- _Task objective_: Write the listing out once more, identical to the original but without pictures.
START Data block
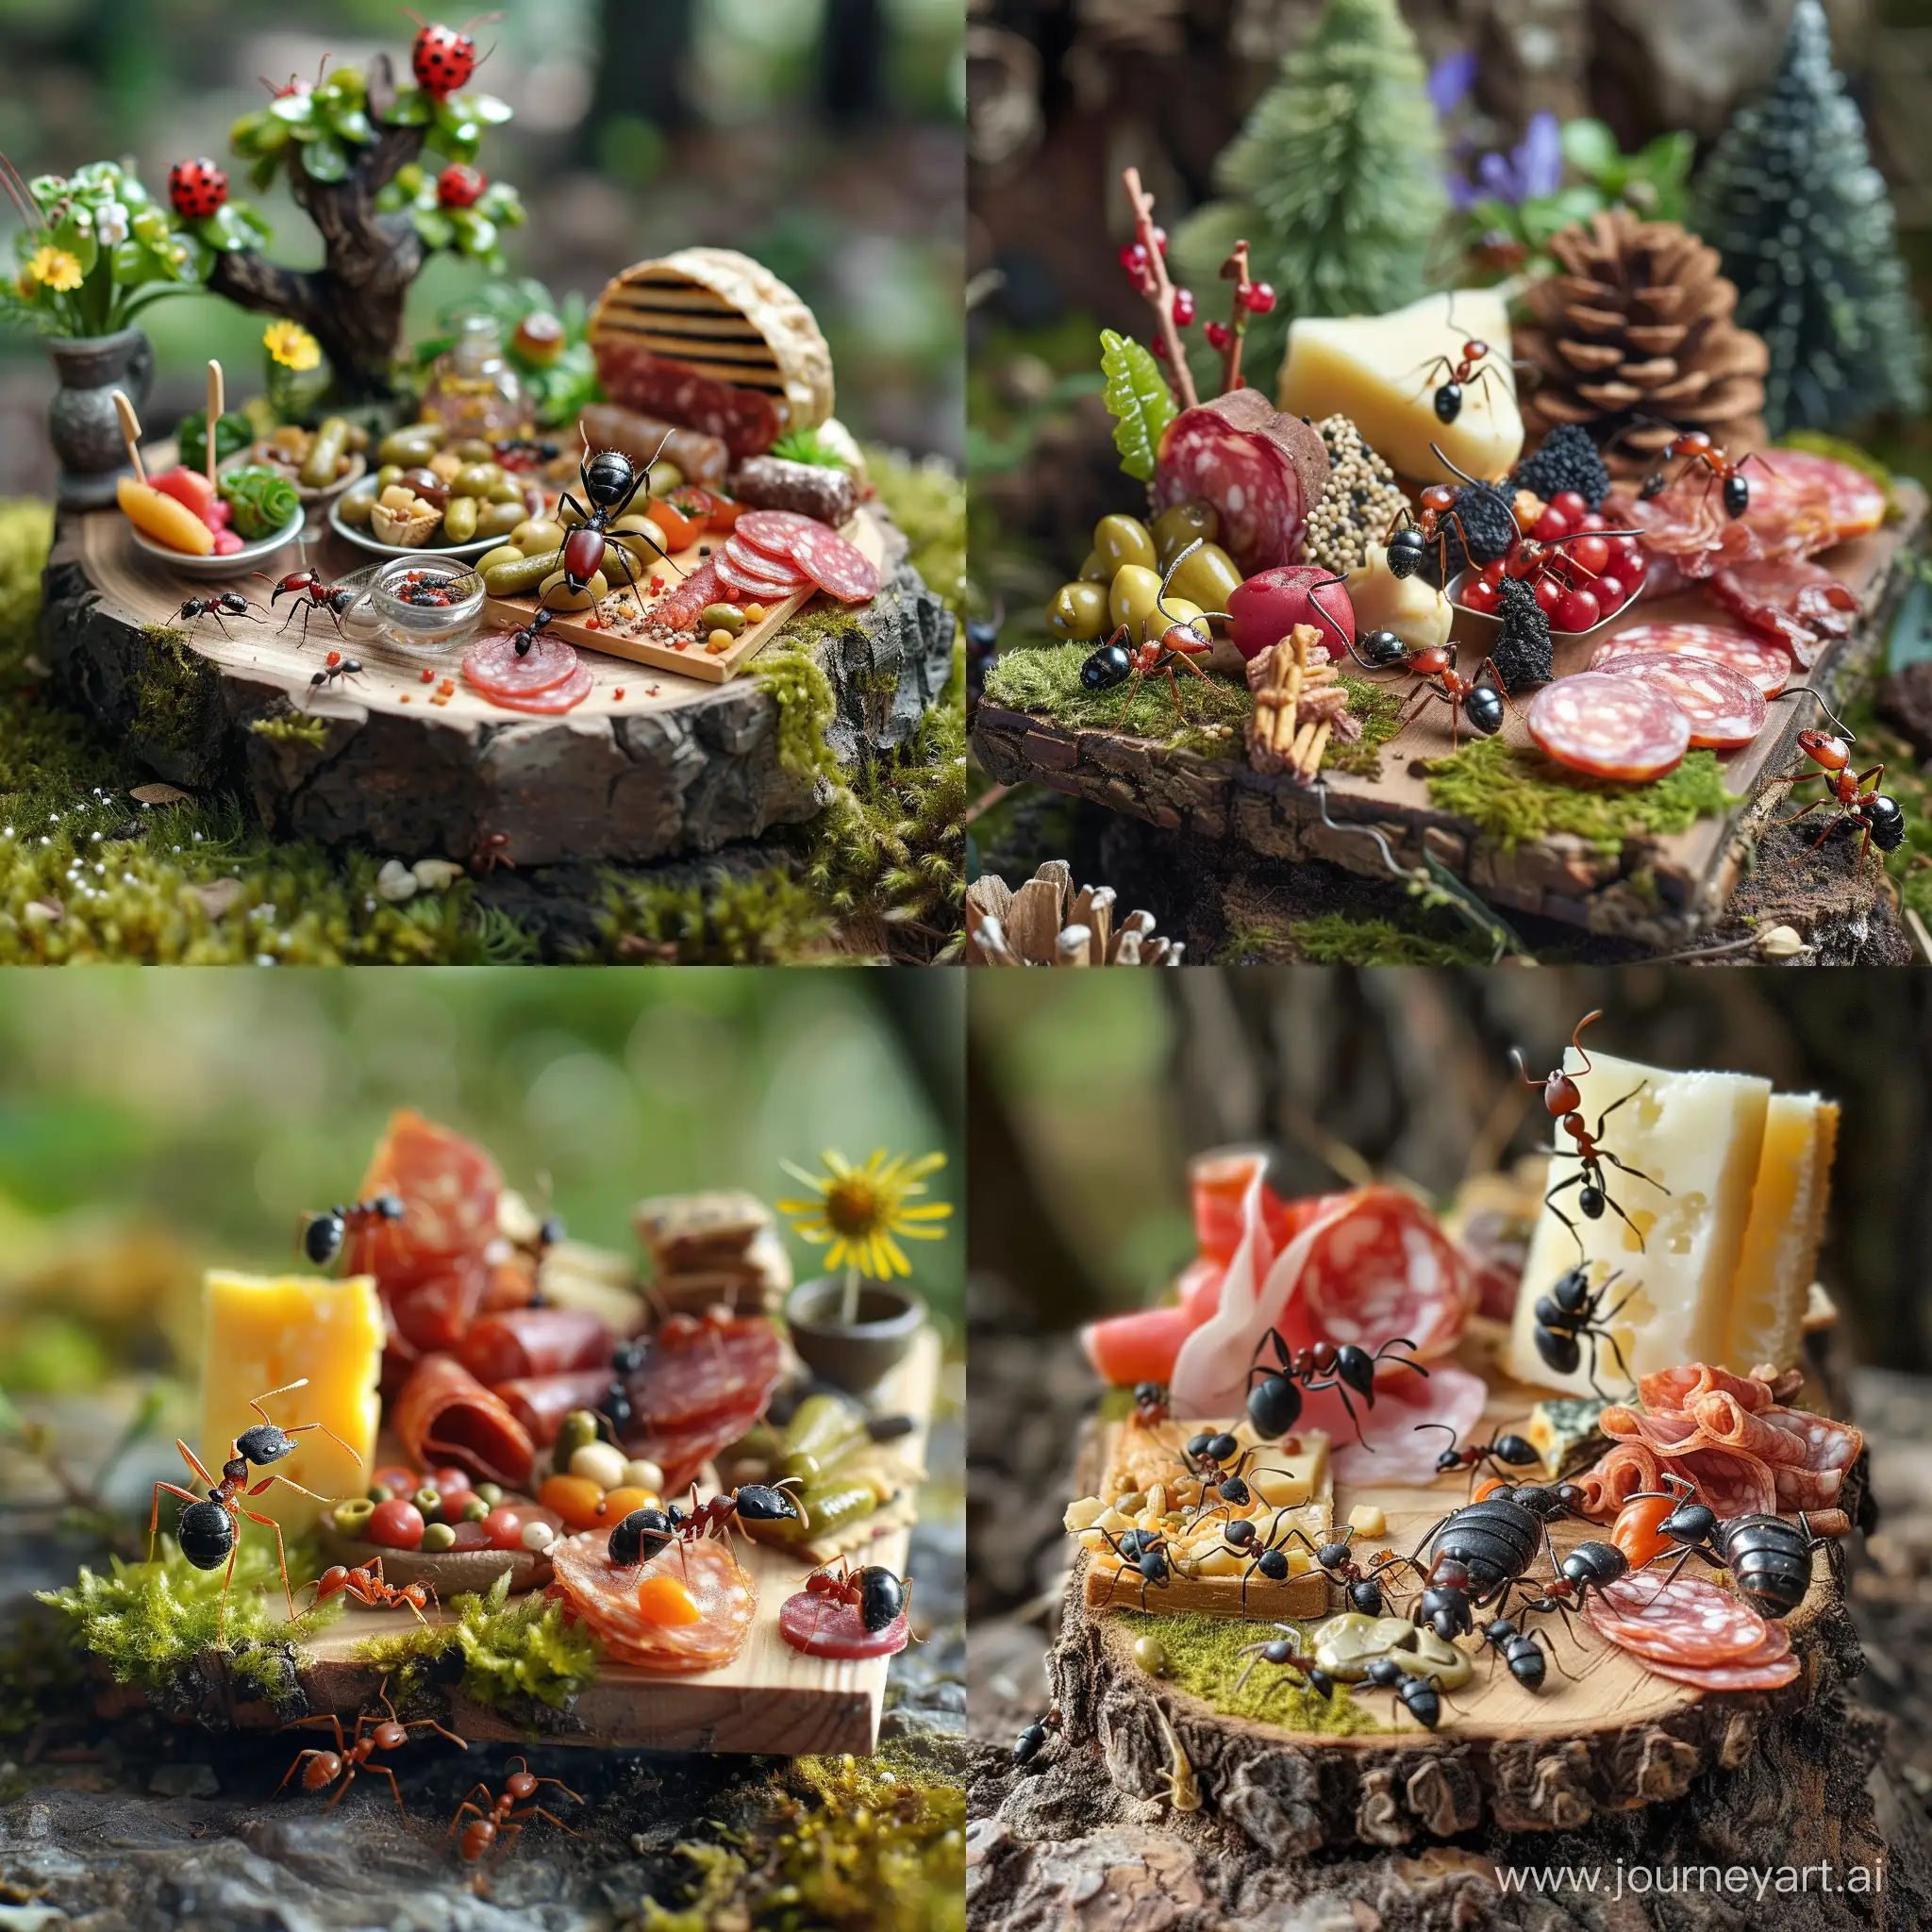 Showcase a miniature charcuterie board set up for a tiny picnic, with ants or other small creatures enjoying the spread.
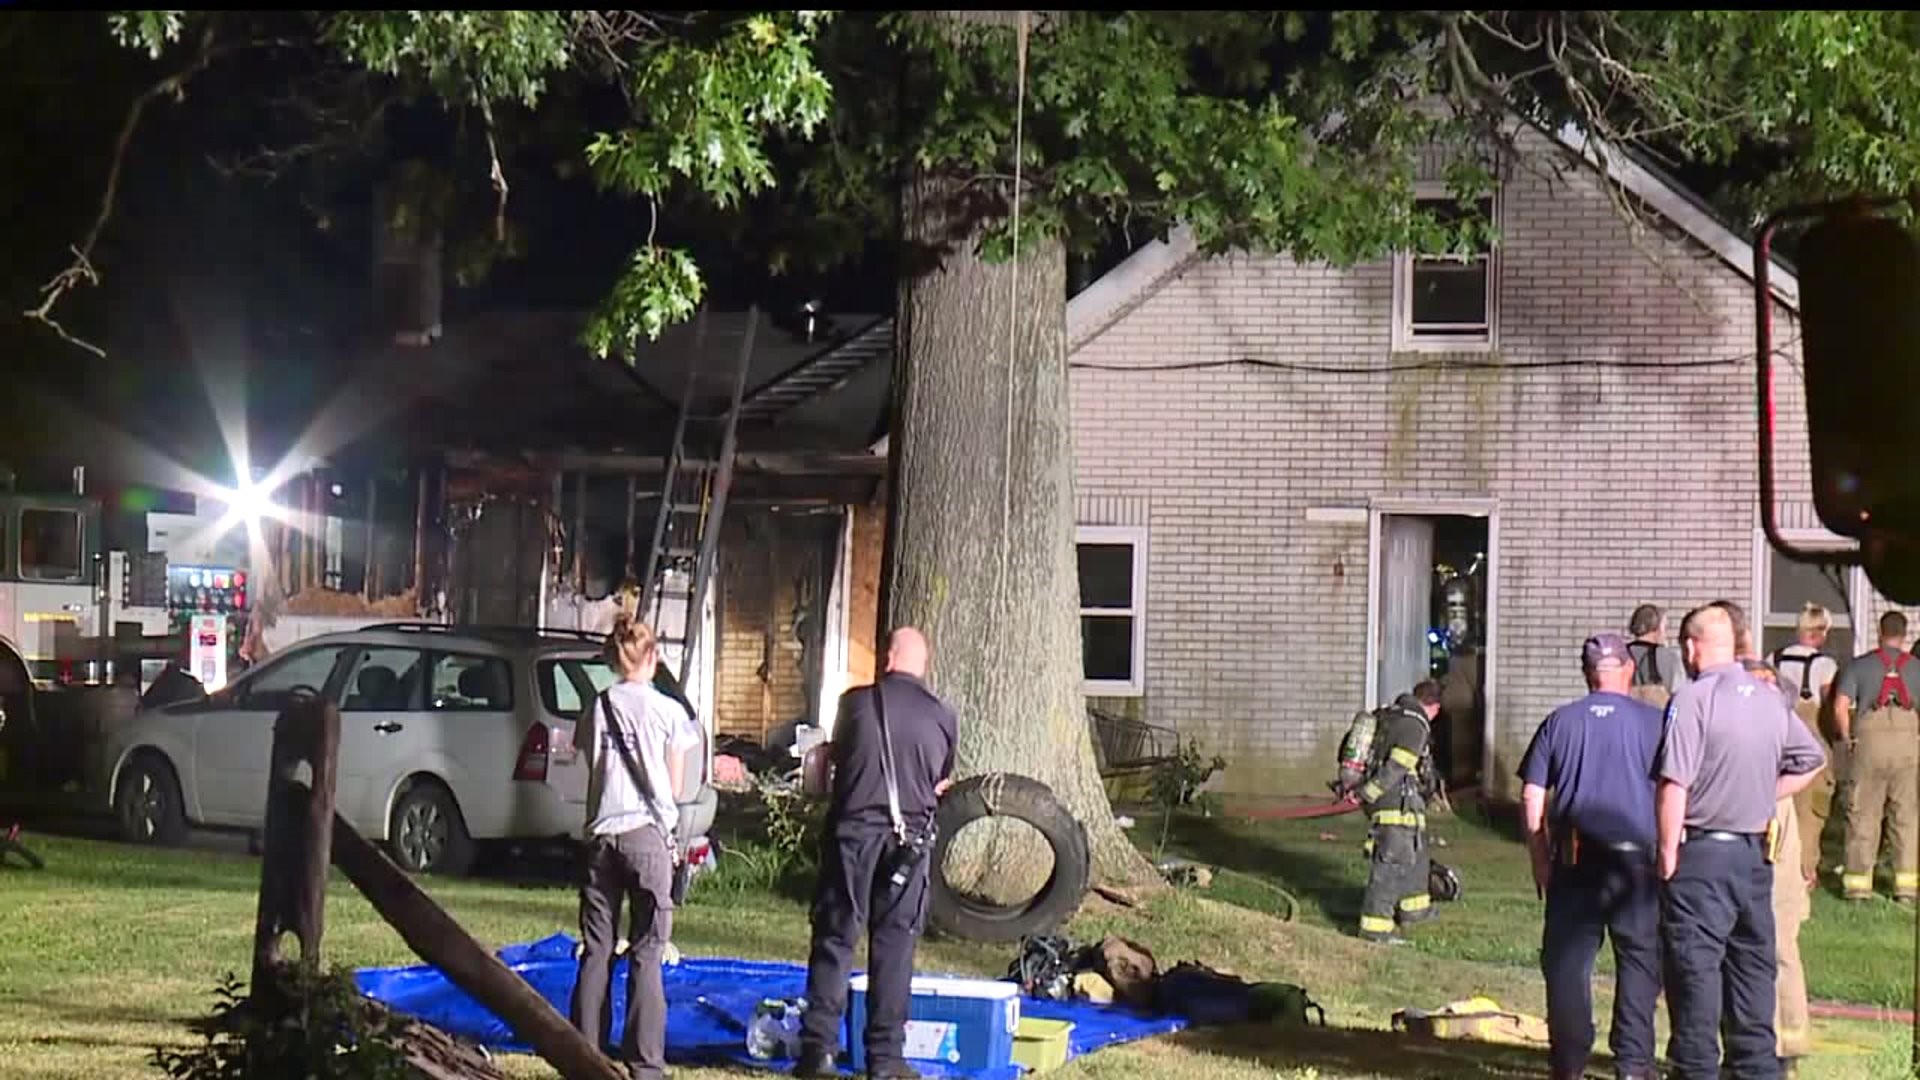 Four people displaced after fire in Lower Chanceford Township
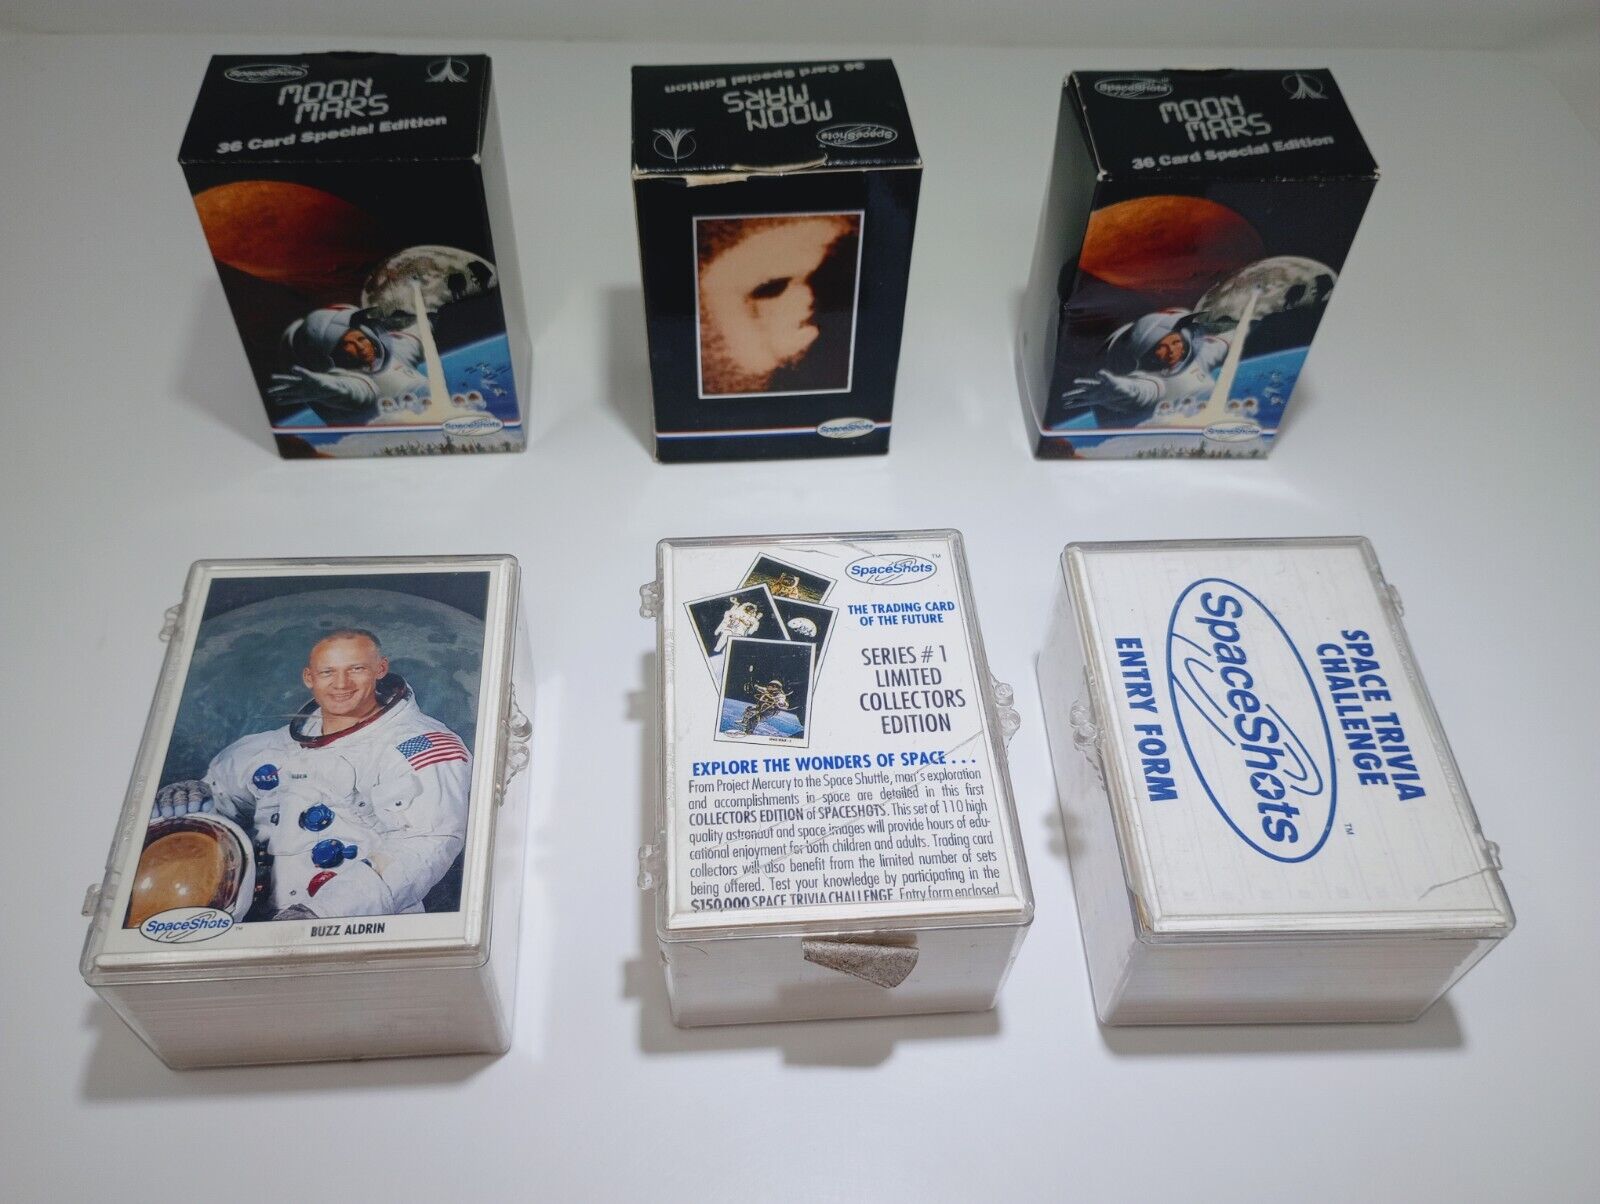 3 Space Shots Moon Mars 36 Card Special Edition 1991 + 3 Series 1 Limited Sets
END Data block
- _Response to the exercise_:
 Showcase a miniature charcuterie board set up for a tiny picnic, with ants or other small creatures enjoying the spread.
 Four people displaced after fire in Lower Chanceford Township
 3 Space Shots Moon Mars 36 Card Special Edition 1991 + 3 Series 1 Limited Sets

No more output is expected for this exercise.